LOCATING NIOBRARA FRACTURES-1 USING RESISTIVITY TO ASSESS NIOBRARA FRACTURE PATTERNS FOR HORIZONTAL WELLS

Sept. 2, 1991
Reed A.Johnson, R. Timothy Bartshe Energy Foundation Inc. Lakewood, Colo Recent interest in U.S. horizontal drilling has largely focused on vertically fractured plays such as the Bakken shale and Austin chalk. The Upper Cretaceous Niobrara formation, the chronological equivalent of the Austin chalk, has recently been targeted as a candidate for horizontal drilling in the Denver basin and other areas of the Rocky Mountains.
Reed A.Johnson, R. Timothy Bartshe
Energy Foundation Inc.
Lakewood, Colo

Recent interest in U.S. horizontal drilling has largely focused on vertically fractured plays such as the Bakken shale and Austin chalk.

The Upper Cretaceous Niobrara formation, the chronological equivalent of the Austin chalk, has recently been targeted as a candidate for horizontal drilling in the Denver basin and other areas of the Rocky Mountains.

A primary key to success in such plays is to predict the occurrence and distribution of oil bearing fracture systems. Much emphasis is placed on theoretical aspects of fracture origin and prediction.

Remote sensing techniques (e.g., seismic, satellite image analysis) have gained wide use in the search for fractured reservoirs. While these methods are important elements of an integrated exploration effort, they lack the benefit of direct detection of open, oil saturated fracture systems.

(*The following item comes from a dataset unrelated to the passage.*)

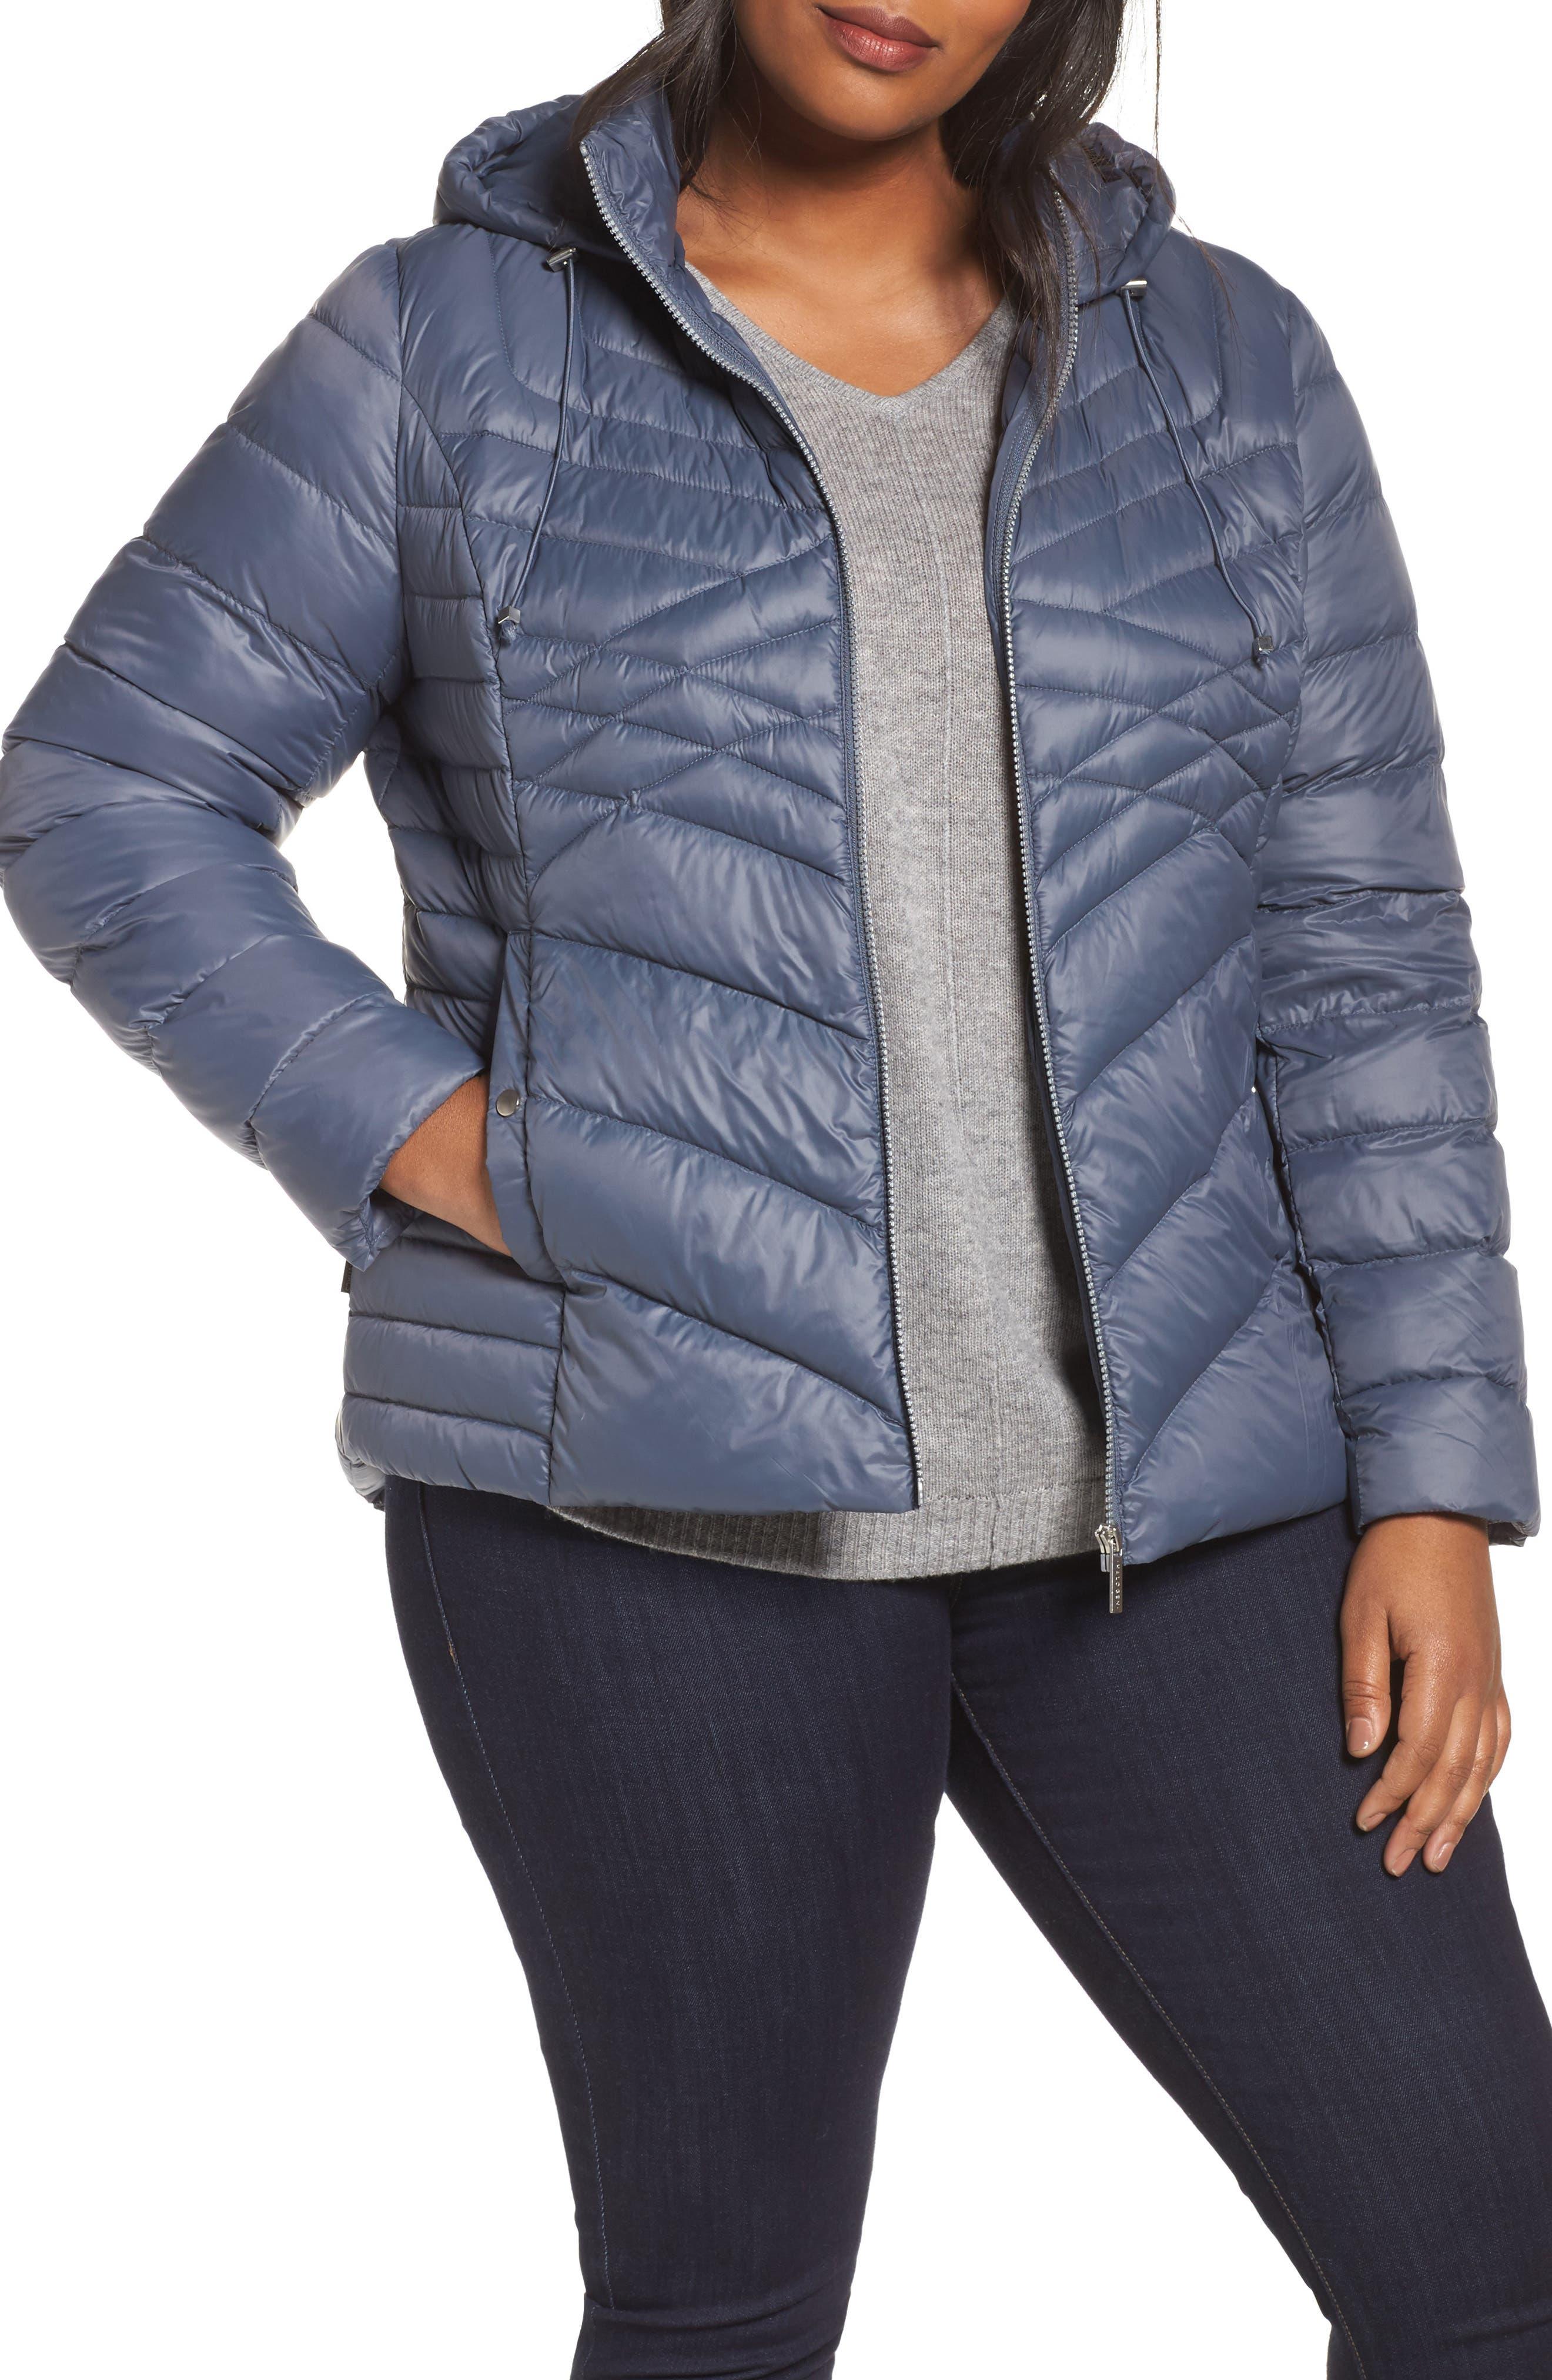 Alternate Image 1 Selected - Halogen® Hooded Down Blend Puffer Jacket (Plus Size)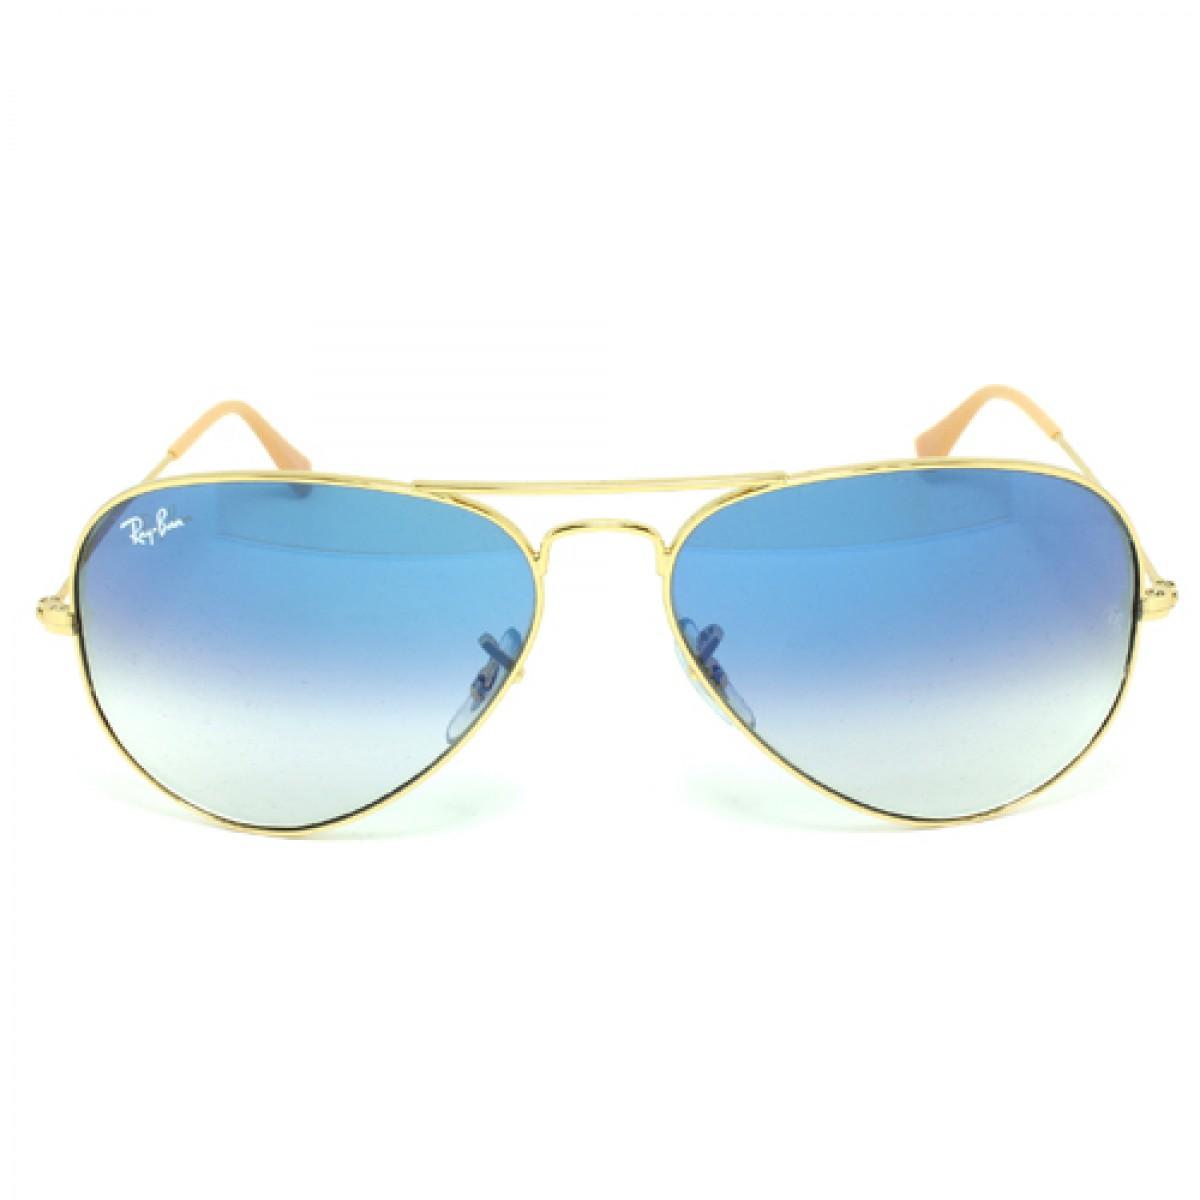 dcf22c8f8806f Ray Ban Original Aviator Unisex Sunglasses RB3025-001 3F-58 ...

In the areas of the Denver basin in which the Niobrara is oil prone, certain resistivity responses are indicative of the proximity of oil bearing fractures to the well bore. This provides an extremely useful technique in areas of pre-existing well control penetrating the Niobrara section.

As such, the Denver basin is an ideal area due to the large number of penetrations to the Lower Cretaceous D and J sandstones that underlie the Niobrara.

The following discussion will examine the factors affecting resistivity response, methods of calculating anomalous resistivity, and the empirical corroboration of the effect in areas productive from the Niobrara.

NIOBRARA PETROLEUM GEOLOGY

Production from the Niobrara occurs in two general areas (Fig. 1).

Gas is produced at depths ranging from less than 1,000-ft to 3,000 ft along the gently dipping eastern flank of the Denver basin in eastern Colorado and western Kansas.1 Gas accumulations are associated with local structural traps. Porosity tends to be very high and permeability relatively low.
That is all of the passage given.